In the modern technology-driven economy, change is the only constant. For organizations that want to remain competitive, product innovation must keep pace with customer demands. This especially rings true across the microelectronics and embedded systems industries, which are at the beating heart of rapidly escalating technology advances. In such highly competitive markets, the margins of operation have always been tight, with little to no room for error.
Quality and maximizing yield remain key drivers, allied to the acceptance and adoption of new materials, architectures, and manufacturing techniques that have seen research and development intensify as the scaling of devices has moved to smaller nodes, but with increased demands on functionality and robustness, along with shorter product development cycles. This increasingly aggressive timeline brings with it a new set of challenges throughout the supply chain as product developers face the accelerated pace of, and relentless drive for, innovation.
The rise of the machines, the age of the customer
According to a May 2013 McKinsey Global Institute report on disruptive technologies, the number of of connected machine-to-machine devices has increased 300% since 2008. As software becomes more embedded into technology, the rate of innovation accelerates. Software can do so much more, so much faster -- and it can evolve faster. What's more, according to Forrester Research (subscription required), the top three drivers for acceleration are the need to reduce costs, improve capabilities, and meet the escalating expectations of customers.
This new dynamic reality means that just about every large company, across almost every industry, is a technology company to some extent. However, many organizations are having a hard time keeping up with the rapidly accelerating pace of change, especially when their teams are working in silos using outmoded systems. Product delivery is plagued by (what should be) preventable delays.
Obstacles to optimized product delivery
In a survey conducted by Forrester for Jama Software, "unclear or changing requirements" was the most common reason cited for product delays. Communication issues within organizations and teams were also seen as significant obstacles to product development. Reasons such as delayed decisions, coordination problems, and shared resource conflicts are preventable, but they happen all the time. In many companies, collaboration occurs only when the right people finally find time in their overscheduled days for a one-hour conference call -- and then, half the time is wasted going over why past decisions were made without everyone's approval.
Product teams often lack a clear understanding of customer needs. Unclear/changing requirements plague product delivery. Not being able to get timely feedback on possible solutions results in delays and wasted time, effort, and money.
Conflicting priorities caused by stakeholder disagreements put product delivery teams in an unfortunate bind. Lack of clarity about objectives, assumptions, and possible solutions leads to a lack of focus.
Effective collaboration spans roles, teams, and geographies. Modern products are complex, requiring a wide variety of expertise to deliver successfully. The reality of the global marketplace means that co-located development is rare; globally distributed teams are increasingly commonplace.
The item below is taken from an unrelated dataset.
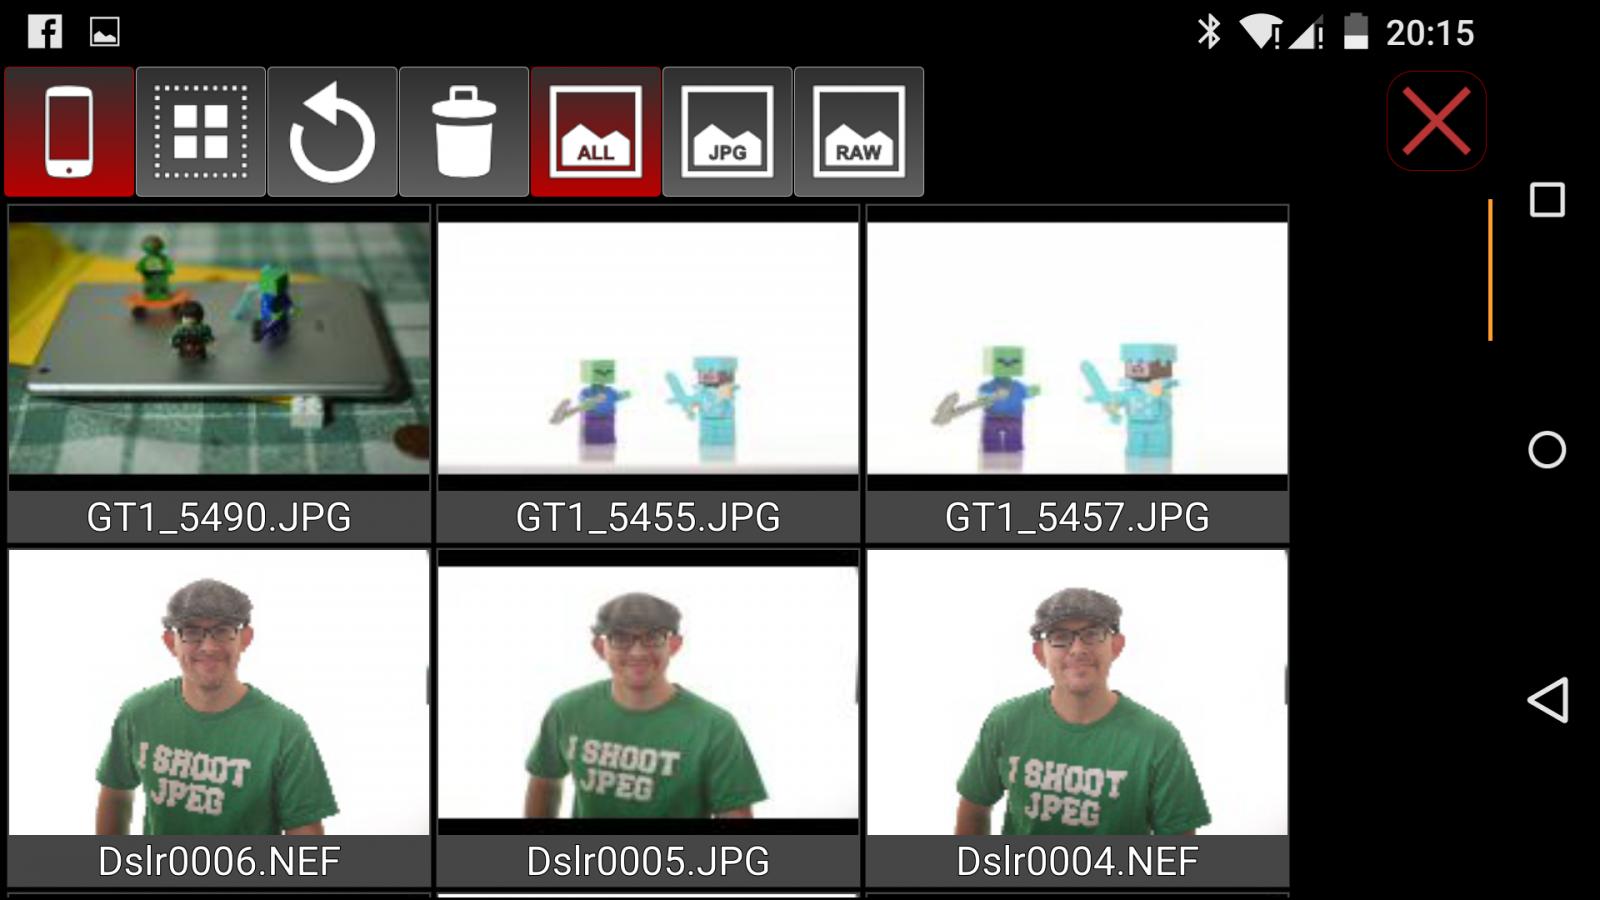 qdslrdashboard-nikon-remote-control-app-android-remote-view

Unnecessary handoffs and delayed decisions reduce speed and impair quality. Rapid delivery is increasingly a competitive differentiator. Any delay in making decisions or obtaining feedback needlessly hampers product delivery.
Delivering winning products requires unprecedented collaboration across diverse roles, from executives to operations and from marketing to quality assurance.
Excellent post Eric. I retired from GE Appliances and in that organization; we had QFD (Quality Functional Deployment) exercises. These are basically focus groups involving potential customers and users of products produced. In this fashion, we could gage the desirability of features associated with the DG (design guidance) models. Many times we discovered what we thought was a good or even great idea did not make the cut with our customer base.
I really like your idea of promoting more individual effort involving decision making. Right now, most decisions are made as a group effort and not by individuals. Too much fear associated with making an incorrect decision.
There are a few companies that do embrace change and not resist change. These companies will be the ones to beat competition to market.
Many good points in this article. One area which needs to also be expanded on is the problem of obtaining adequate resource levels throughout the project. With today's companies becoming leaner and leaner, a frequent project management problem is securing the proper, dedicated resources needed to complete the project on time, on cost and on schedule. In many cases, upper management will either under-staff the project, or assign under-developed or shared resources to the program and still expect project goals to be met on time. All too often, shared resources cause conflicting priorities which will delay the project when critical path tasks are not completed on time. Before a project begins, all stakeholders should use historical data from similar, previous projects to accurately predict the actual proper resource levels needed throughout the project.